──────── Material for this exercise

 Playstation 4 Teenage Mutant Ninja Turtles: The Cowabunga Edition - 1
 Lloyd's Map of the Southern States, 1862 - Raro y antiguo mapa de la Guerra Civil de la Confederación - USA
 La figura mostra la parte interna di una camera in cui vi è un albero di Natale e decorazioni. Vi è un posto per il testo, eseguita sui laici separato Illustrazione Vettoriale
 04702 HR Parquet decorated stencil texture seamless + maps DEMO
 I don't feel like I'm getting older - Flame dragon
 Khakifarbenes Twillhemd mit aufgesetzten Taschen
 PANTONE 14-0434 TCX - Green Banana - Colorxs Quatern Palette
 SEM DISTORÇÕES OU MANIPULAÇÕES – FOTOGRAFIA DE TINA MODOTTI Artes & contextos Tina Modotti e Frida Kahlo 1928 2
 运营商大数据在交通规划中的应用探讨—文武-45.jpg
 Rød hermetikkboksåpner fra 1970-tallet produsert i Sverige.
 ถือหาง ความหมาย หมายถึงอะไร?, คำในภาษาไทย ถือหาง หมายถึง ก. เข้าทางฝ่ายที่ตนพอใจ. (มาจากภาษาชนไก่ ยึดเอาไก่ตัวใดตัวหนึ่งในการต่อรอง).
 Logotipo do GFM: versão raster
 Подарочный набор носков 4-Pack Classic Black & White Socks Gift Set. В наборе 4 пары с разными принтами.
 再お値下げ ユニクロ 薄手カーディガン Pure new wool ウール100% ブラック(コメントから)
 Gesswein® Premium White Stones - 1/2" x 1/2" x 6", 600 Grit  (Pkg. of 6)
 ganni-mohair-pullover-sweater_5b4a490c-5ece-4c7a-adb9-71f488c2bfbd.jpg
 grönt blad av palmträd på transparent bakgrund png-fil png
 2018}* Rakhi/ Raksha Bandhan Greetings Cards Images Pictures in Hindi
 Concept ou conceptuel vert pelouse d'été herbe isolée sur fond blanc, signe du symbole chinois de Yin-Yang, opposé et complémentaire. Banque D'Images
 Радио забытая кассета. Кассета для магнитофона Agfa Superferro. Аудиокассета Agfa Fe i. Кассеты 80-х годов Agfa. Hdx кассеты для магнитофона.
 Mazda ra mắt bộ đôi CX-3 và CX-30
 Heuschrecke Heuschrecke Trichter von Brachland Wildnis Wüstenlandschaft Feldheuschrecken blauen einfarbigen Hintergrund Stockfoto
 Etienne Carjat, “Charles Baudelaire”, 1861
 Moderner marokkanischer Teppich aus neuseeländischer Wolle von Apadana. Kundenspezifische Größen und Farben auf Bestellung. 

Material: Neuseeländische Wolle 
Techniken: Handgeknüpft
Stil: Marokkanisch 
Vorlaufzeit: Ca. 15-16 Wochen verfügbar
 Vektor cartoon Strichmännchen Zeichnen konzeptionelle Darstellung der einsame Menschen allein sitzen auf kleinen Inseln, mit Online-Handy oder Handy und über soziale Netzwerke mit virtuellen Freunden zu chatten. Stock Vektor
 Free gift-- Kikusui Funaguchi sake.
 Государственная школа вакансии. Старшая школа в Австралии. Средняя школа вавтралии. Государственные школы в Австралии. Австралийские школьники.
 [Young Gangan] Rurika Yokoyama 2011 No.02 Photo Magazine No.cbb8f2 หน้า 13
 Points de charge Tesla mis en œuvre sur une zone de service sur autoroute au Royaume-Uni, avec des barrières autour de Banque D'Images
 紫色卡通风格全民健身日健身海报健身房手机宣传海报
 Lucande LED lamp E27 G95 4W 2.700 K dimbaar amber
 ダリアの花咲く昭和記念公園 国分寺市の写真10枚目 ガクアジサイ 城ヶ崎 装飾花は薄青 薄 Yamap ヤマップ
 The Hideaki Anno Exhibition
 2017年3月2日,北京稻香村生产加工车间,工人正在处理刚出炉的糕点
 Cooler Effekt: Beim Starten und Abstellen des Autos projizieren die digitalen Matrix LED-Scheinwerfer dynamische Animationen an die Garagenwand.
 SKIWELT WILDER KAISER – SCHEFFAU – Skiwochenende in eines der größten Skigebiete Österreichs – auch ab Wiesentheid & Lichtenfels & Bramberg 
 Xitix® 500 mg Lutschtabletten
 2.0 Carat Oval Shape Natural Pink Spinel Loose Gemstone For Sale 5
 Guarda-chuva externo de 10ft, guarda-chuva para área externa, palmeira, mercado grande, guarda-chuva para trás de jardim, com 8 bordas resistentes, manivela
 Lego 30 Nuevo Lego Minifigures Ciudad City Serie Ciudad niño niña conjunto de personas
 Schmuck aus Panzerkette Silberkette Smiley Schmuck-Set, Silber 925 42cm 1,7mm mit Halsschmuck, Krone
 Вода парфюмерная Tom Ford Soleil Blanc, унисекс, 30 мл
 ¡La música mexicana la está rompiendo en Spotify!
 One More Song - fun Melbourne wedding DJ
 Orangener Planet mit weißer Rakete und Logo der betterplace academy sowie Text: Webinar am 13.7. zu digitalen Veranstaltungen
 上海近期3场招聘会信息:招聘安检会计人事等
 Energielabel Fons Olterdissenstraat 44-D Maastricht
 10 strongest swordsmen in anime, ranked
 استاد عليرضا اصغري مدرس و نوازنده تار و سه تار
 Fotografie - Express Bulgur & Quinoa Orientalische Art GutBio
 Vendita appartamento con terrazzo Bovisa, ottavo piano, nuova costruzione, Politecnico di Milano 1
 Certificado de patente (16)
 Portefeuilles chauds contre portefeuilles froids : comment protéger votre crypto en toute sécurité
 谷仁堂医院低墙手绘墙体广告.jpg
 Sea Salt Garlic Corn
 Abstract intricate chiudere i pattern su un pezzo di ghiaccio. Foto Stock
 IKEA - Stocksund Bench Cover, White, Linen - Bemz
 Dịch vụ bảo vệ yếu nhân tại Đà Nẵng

────────────────

• Exercise requirements: Repeat, character for character, the lines of the material above from the line with "Heuschrecke Heuschrecke Trichter" through the line with "Free gift-- Kikusui Funaguchi sake.".

• Problem solution:
 Heuschrecke Heuschrecke Trichter von Brachland Wildnis Wüstenlandschaft Feldheuschrecken blauen einfarbigen Hintergrund Stockfoto
 Etienne Carjat, “Charles Baudelaire”, 1861
 Moderner marokkanischer Teppich aus neuseeländischer Wolle von Apadana. Kundenspezifische Größen und Farben auf Bestellung. 

Material: Neuseeländische Wolle 
Techniken: Handgeknüpft
Stil: Marokkanisch 
Vorlaufzeit: Ca. 15-16 Wochen verfügbar
 Vektor cartoon Strichmännchen Zeichnen konzeptionelle Darstellung der einsame Menschen allein sitzen auf kleinen Inseln, mit Online-Handy oder Handy und über soziale Netzwerke mit virtuellen Freunden zu chatten. Stock Vektor
 Free gift-- Kikusui Funaguchi sake.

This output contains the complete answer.